Лона была неимоверно собой довольна - утром она опробовала то, что вычитала в своих непристойных книжках, и у неё прекрасно получилось. За обедом она сказала, что не против повторить, но я спросил, как можно совместить это с едой, а она только молча покраснела. Я всерьёз задумался, не устроить ли нам привал прямо здесь. Конечно, тут полно комаров - пока обедали, я прихлопнул троих. Вечером их налетят тучи, но если постараться, в палатку пролезет немного.
Когда изложил всё это вслух, Лона просто расцвела, но потом всё же отказалась. Объяснила, что сейчас ей очень важно мыться хотя бы раз в день, и в чистой воде, так что поедим, и в путь, разве что задержимся ненадолго для "сам знаешь чего". Вскоре мы уже скакали галопом, облачённые в непромокаемые плащи и шляпы.

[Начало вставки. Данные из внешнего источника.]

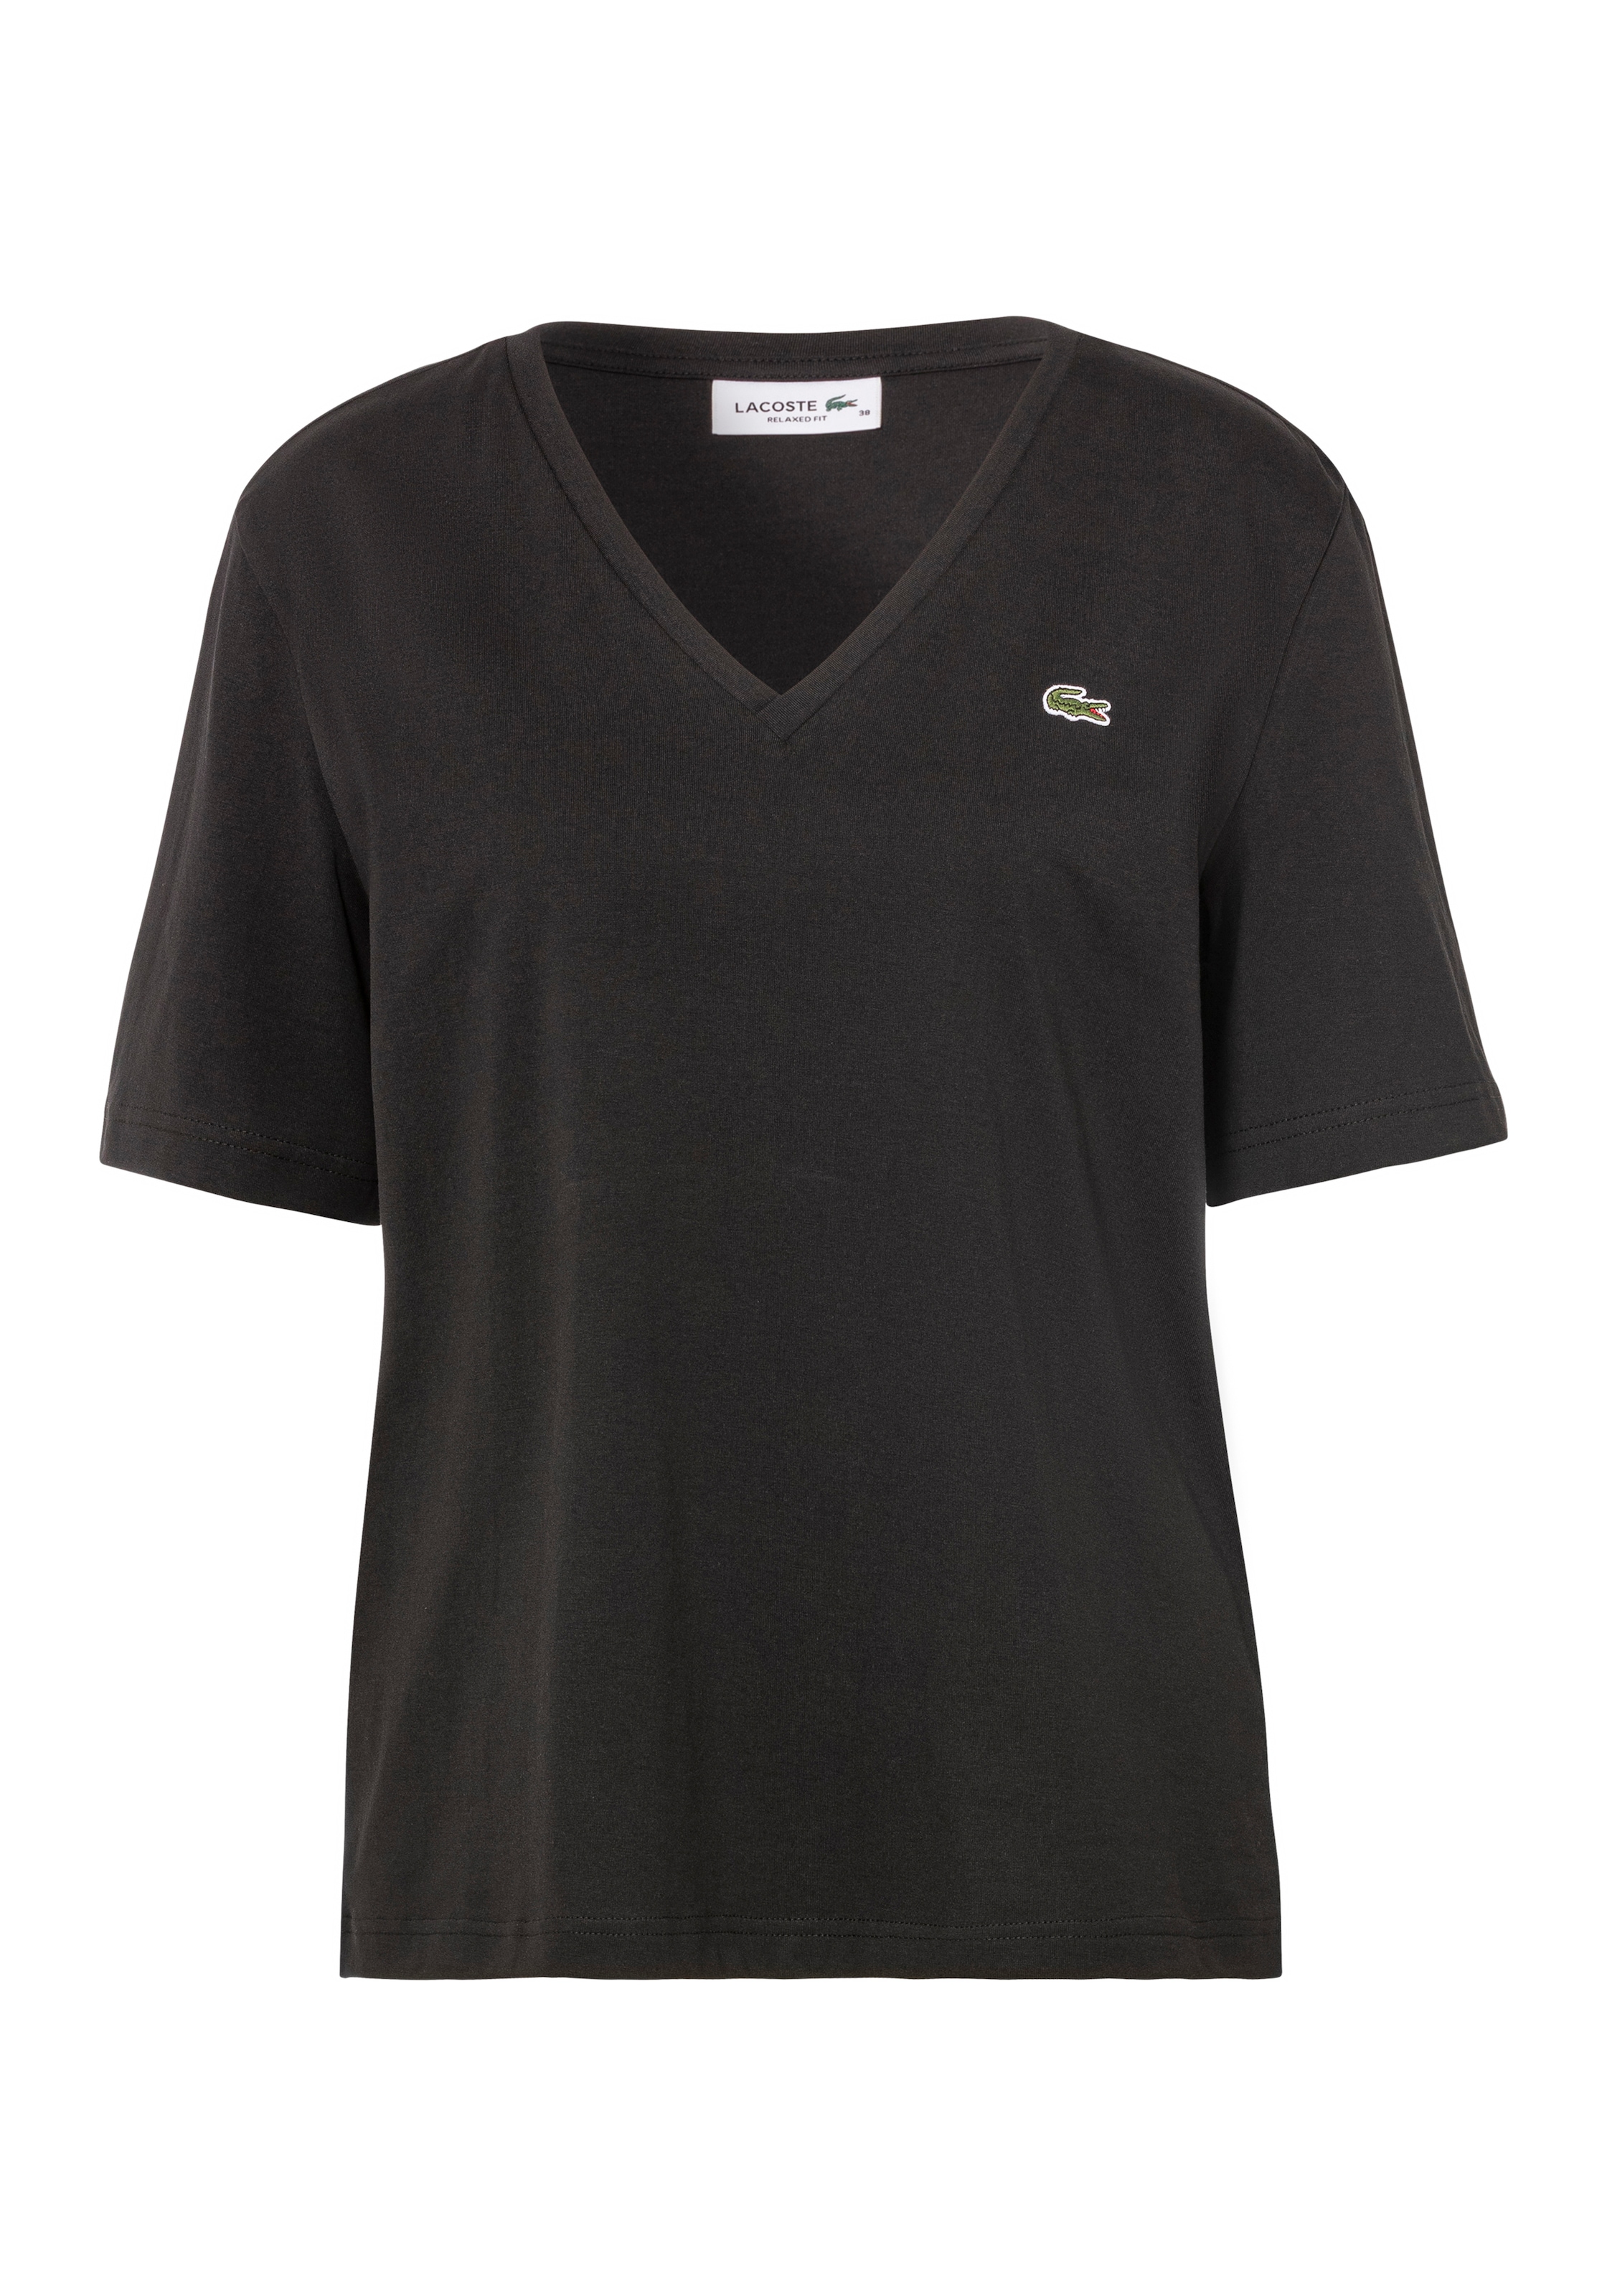 Lacoste T-Shirt, mit Lacoste Logo auf der Brust im OTTO Online Shop

Минут через двадцать появилась мелкая водяная пыль, а под копытами жеребцов грунтовая дорога сменилась булыжной мостовой, и мы сменили галоп на быстрый шаг. Морось перешла не просто в ливень, а в сплошную стену падающей воды. Ветер задувал капли и в лицо, и за воротник плаща, а лошадей и собаку дождь хлестал вообще безжалостно. Дваш фыркал, скулил, а в конце запрыгнул на спину моему жеребцу. Коней дождь тоже не приводил в восторг, они вертели головами и пытались остановиться, ума не приложу, зачем.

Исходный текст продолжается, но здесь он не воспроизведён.